■ **TASK REQUIREMENTS**:
Each line of the data must be given back verbatim, with pictures removed.

■ **COLLECTED MATERIAL**:
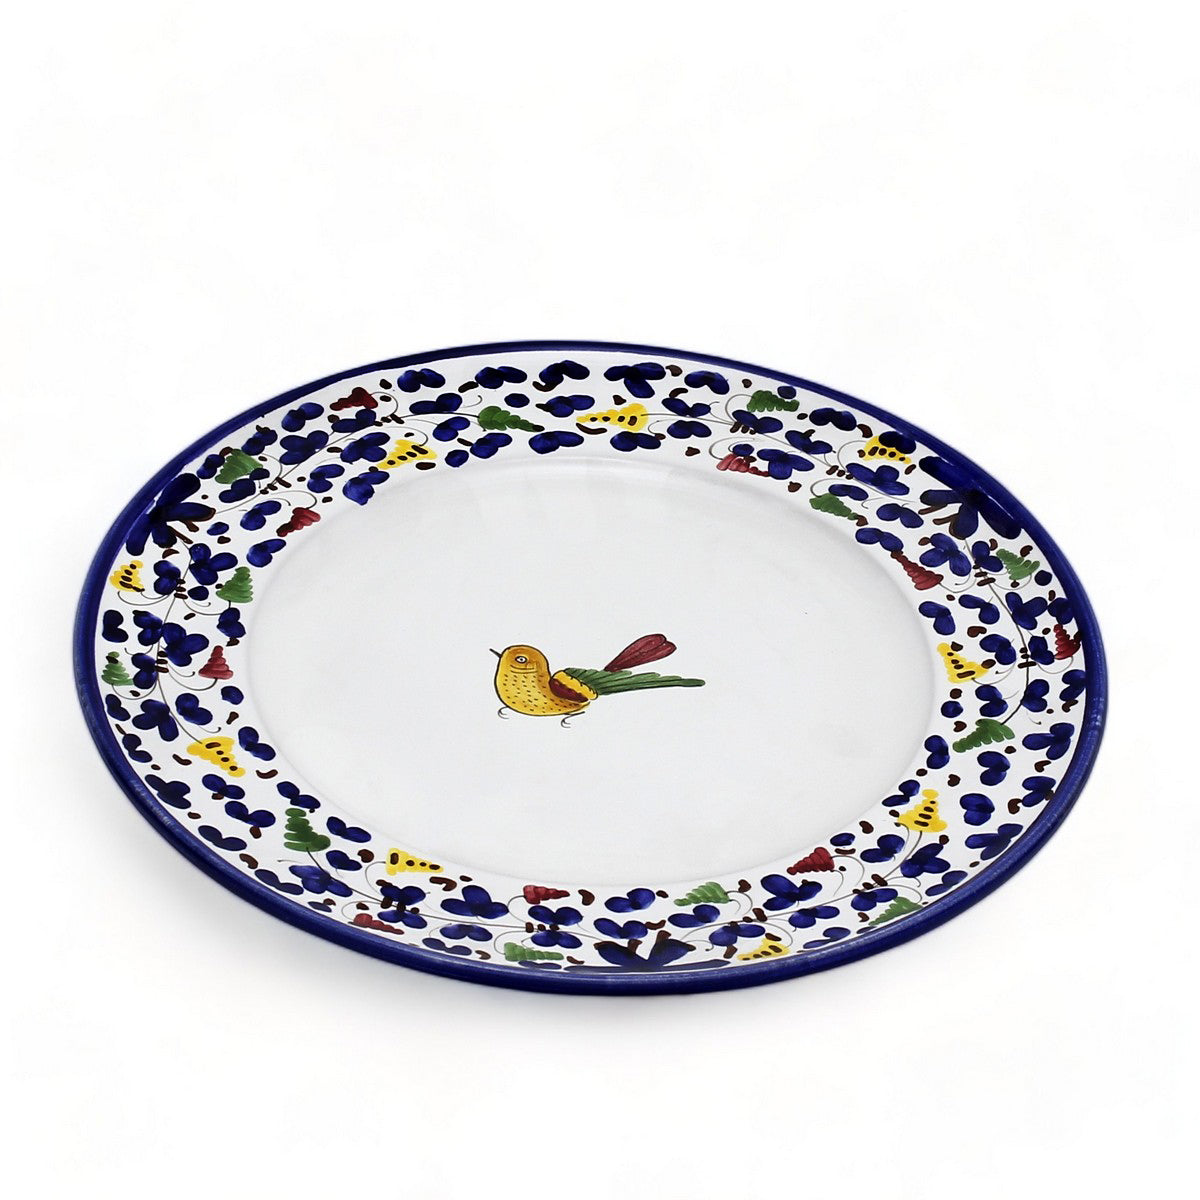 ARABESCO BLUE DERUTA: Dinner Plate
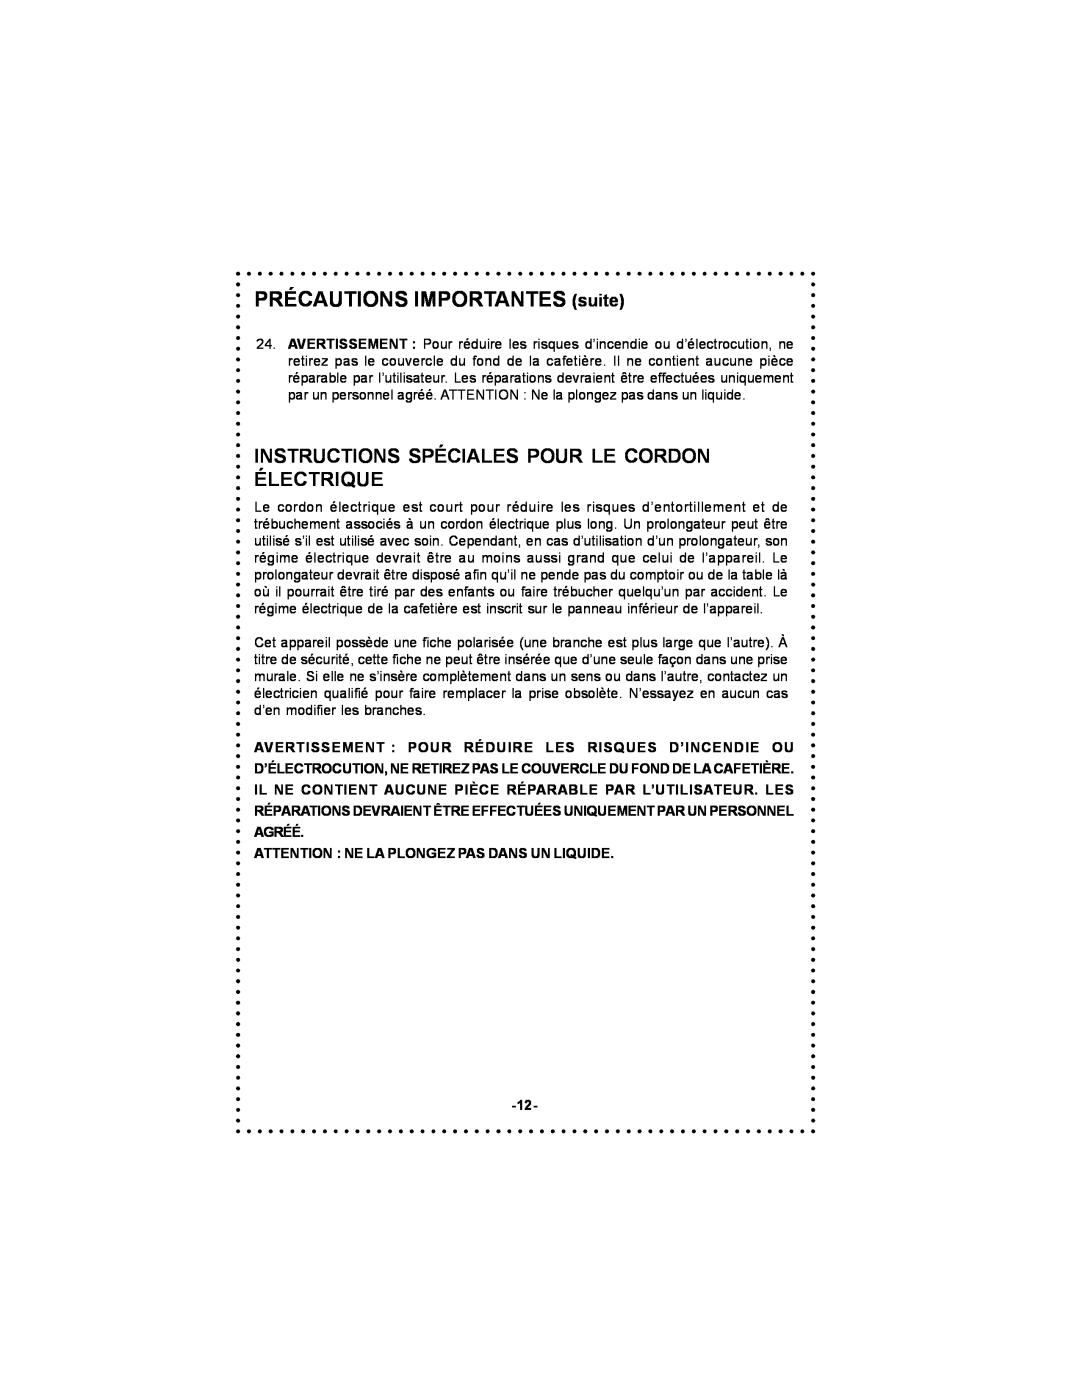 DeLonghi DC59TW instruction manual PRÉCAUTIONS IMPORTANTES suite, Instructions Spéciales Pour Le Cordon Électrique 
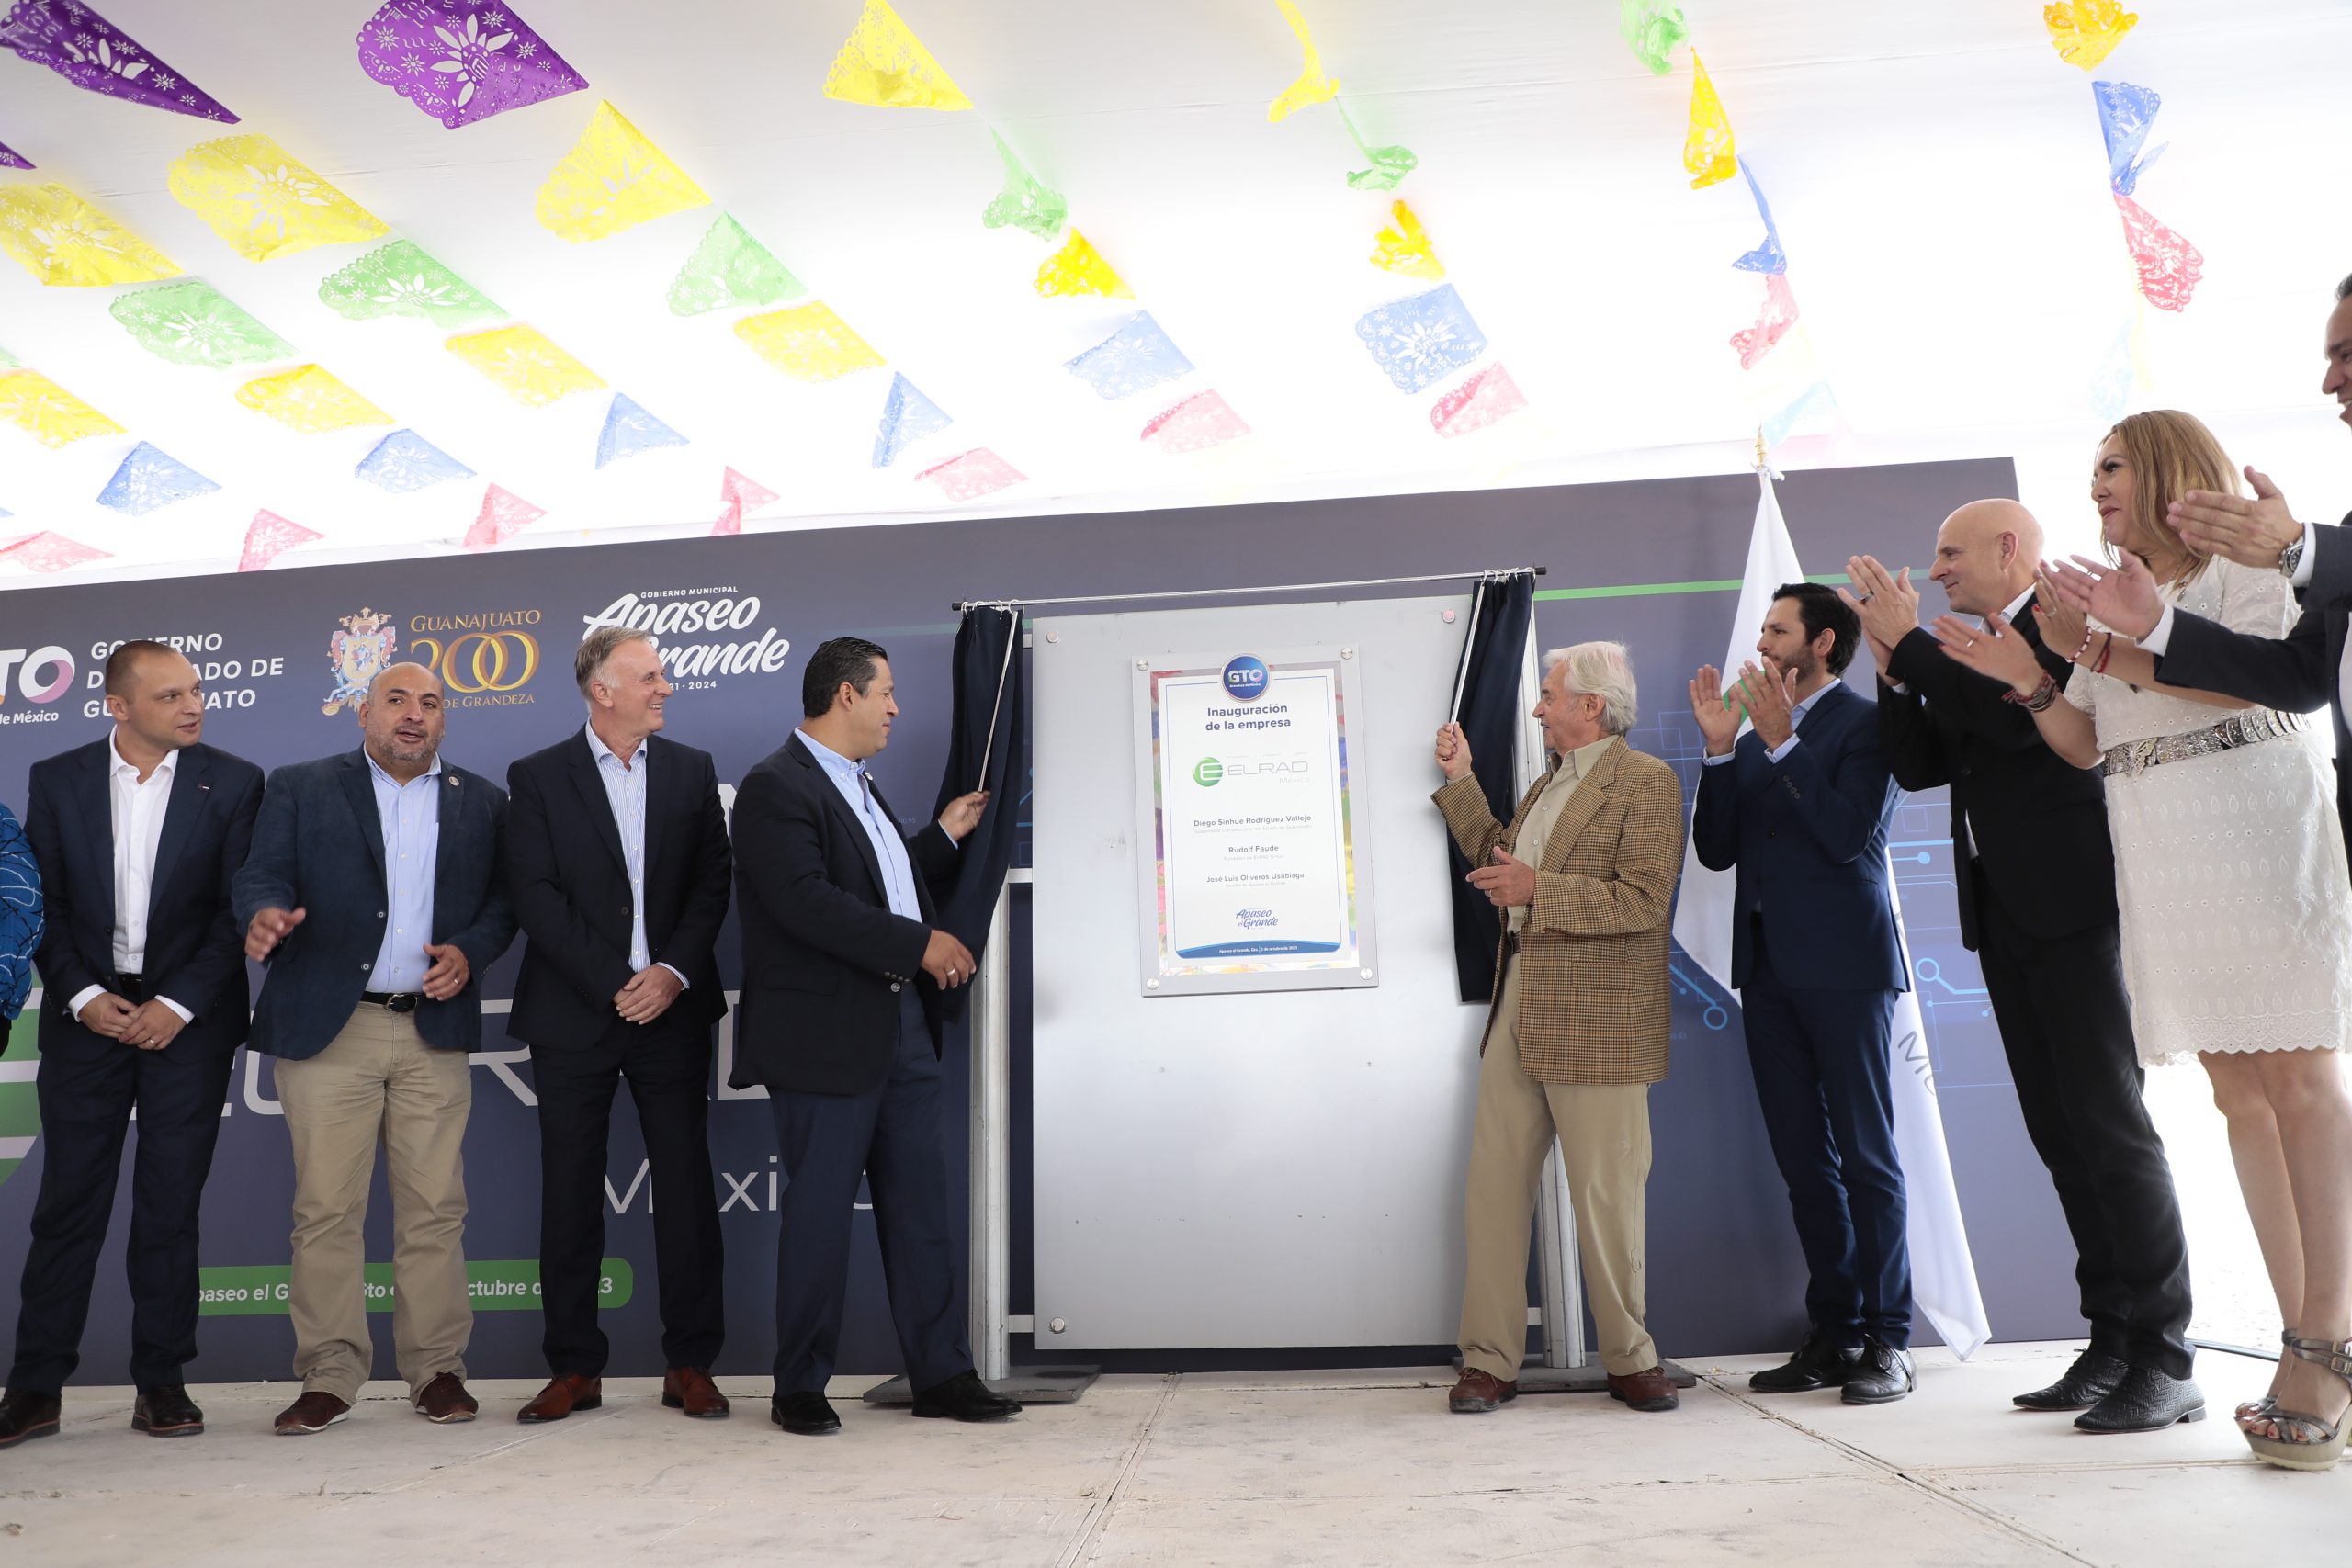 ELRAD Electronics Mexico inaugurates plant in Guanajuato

■ **EXERCISE RESULT**:
 ARABESCO BLUE DERUTA: Dinner Plate
 DeLonghi DC59TW instruction manual PRÉCAUTIONS IMPORTANTES suite, Instructions Spéciales Pour Le Cordon Électrique 
 ELRAD Electronics Mexico inaugurates plant in Guanajuato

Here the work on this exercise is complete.